Matching stclass DIGIT against "1234567" (7 chars)
0 <> <1234567890> | 1:CURLY {3,5}(4)
DIGIT can match 5 times out of 5...
5 <12345> <67890> | 4: ANYOF[13579][](15)
failed...
4 <1234> <567890> | 4: ANYOF[13579][](15)
5 <12345> <67890> | 15: END(0)
Match successful!
12345
Matching REx "\d{3,5}[13579]" against "67890"
Matching stclass DIGIT against "67" (2 chars)
5 <12345> <67890> | 1:CURLY {3,5}(4)
DIGIT can match 5 times out of 5...
10 <1234567890> <> | 4: ANYOF[13579][](15)
failed...
9 <123456789> <0> | 4: ANYOF[13579][](15)
failed...
8 <12345678> <90> | 4: ANYOF[13579][](15)

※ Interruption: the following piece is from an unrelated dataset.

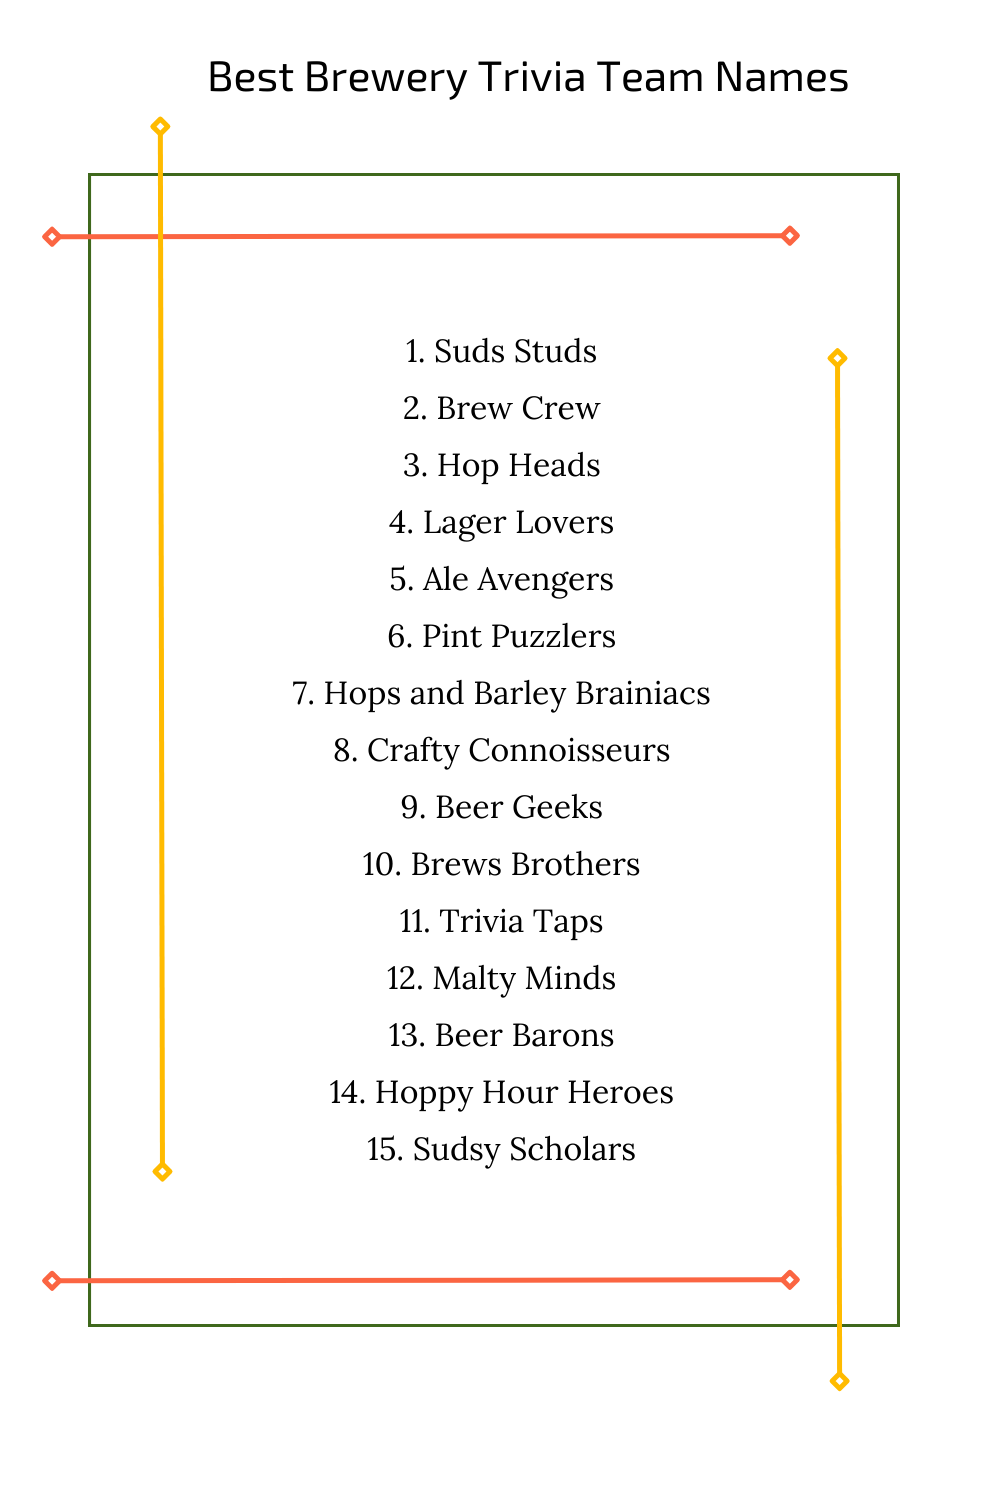 Best Brewery Trivia Team Names

9 <123456789> <0> | 15: END(0)
Match successful!
6789
Freeing REx: "\d{3,5}[13579]"
When you have additional constraints about what comes after the match, then which type of repetition you choose can make a big difference. Here I’ll impose a constraint on where each match is allowed to finish, by saying it needs to end before an odd digit:
$ perl -le 'print $& while 1234567890 =~ /\d{3}(?=[13579])/g'
234
678
$ perl -le 'print $& while 1234567890 =~ /\d{3,5}(?=[13579])/g'
1234
5678
% perl -le 'print $& while 1234567890 =~ /\d{3,}(?=[13579])/g'
12345678
So when you have things that have to come afterwards, it can make a great deal of difference. When you are just deciding whether the entire line matches something, it may not be as important.
This is expected behavior. The string "pqpqpqpqpqpqpq" does in fact have between three and five repetitions of "pq", and then a few more for good measure. You may want to try anchoring your regular expression, something like ^\(pq\)\{3,5\}$.

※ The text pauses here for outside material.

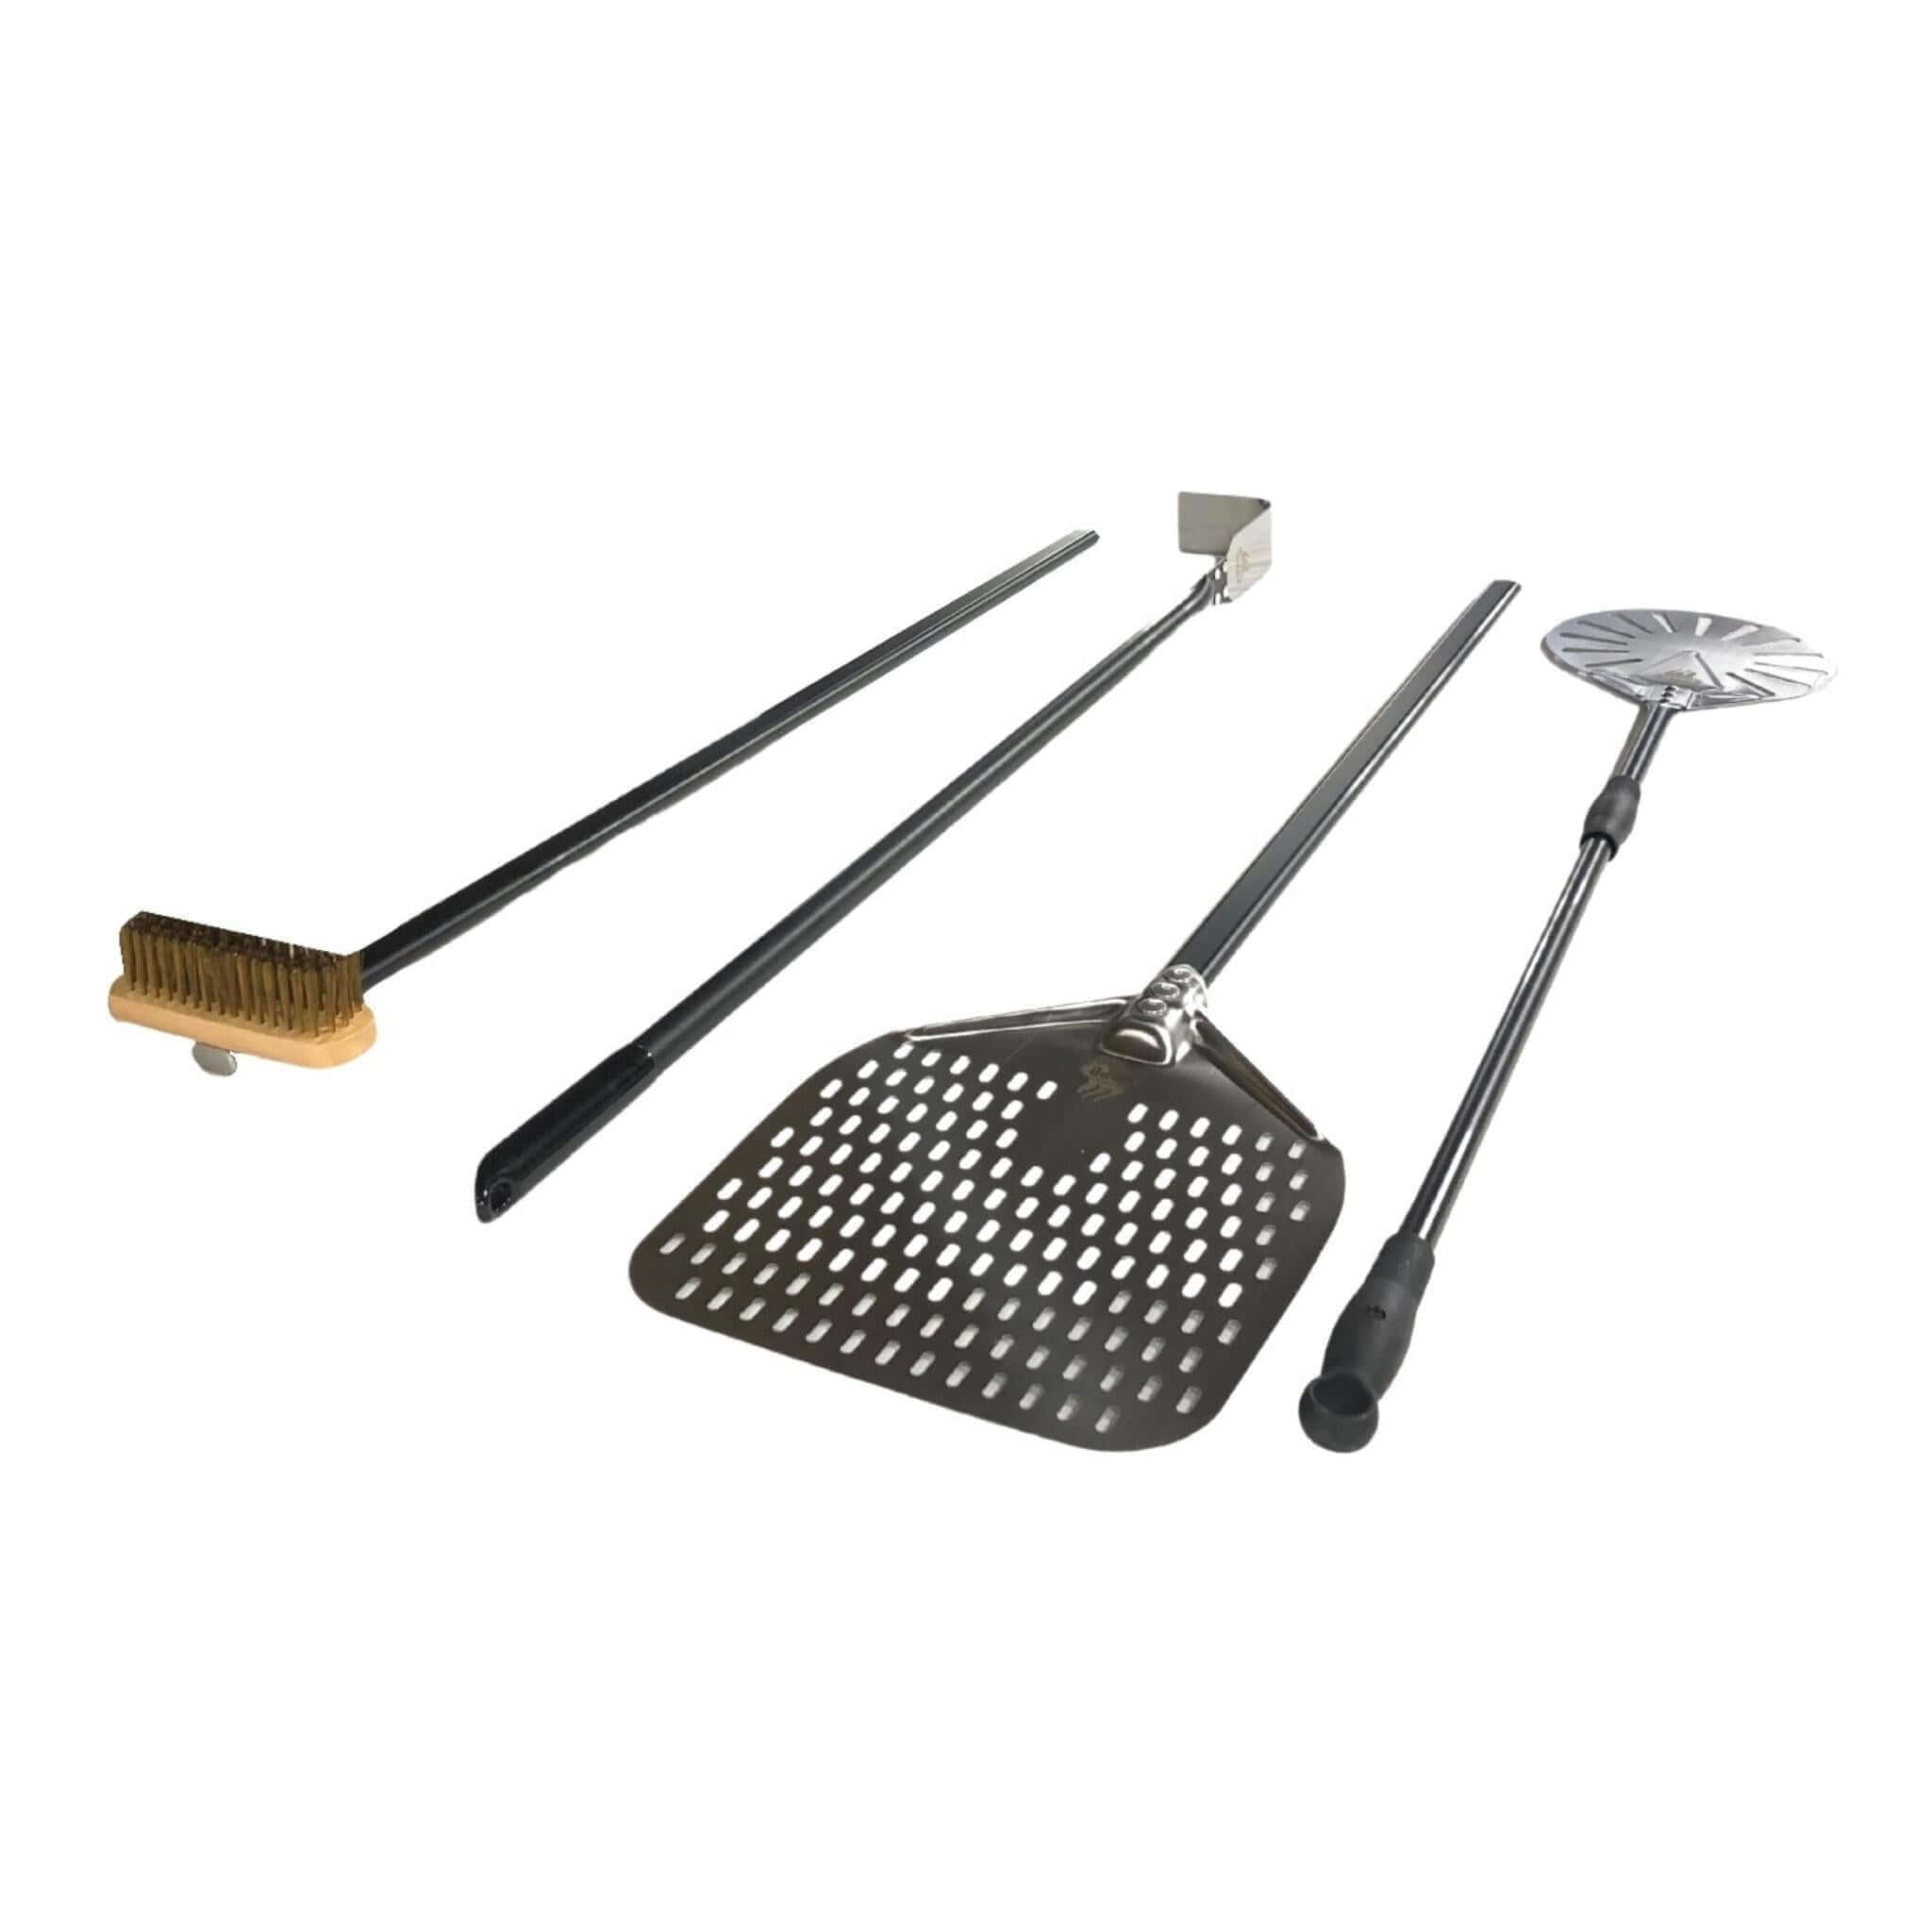 Pro 4 Piece, Aluminum handles, Wood Fired Pizza Oven Utensil Kit

Edit to match edited question:
The maximum is applicable in all situations. What is happening is that grep is matching 5 of the 7 repetitions of "pq" (most likely the first five), and since it found a match it prints out the line.
You'll have to figure out a way to change your regex to match what you want and not match what you don't. For example, to match a line starting with 3–5 repetitions of "pq", you might do something like this: ^\(pq\){3,5}\($|[^p]|p$|p[^q]\). That matches 3–5 "pq"s followed immediately by end-of-line or any-character-other-than-"p" or "p"-followed-by-end-of-line or "p"-followed-by-any-character-other-than-"q".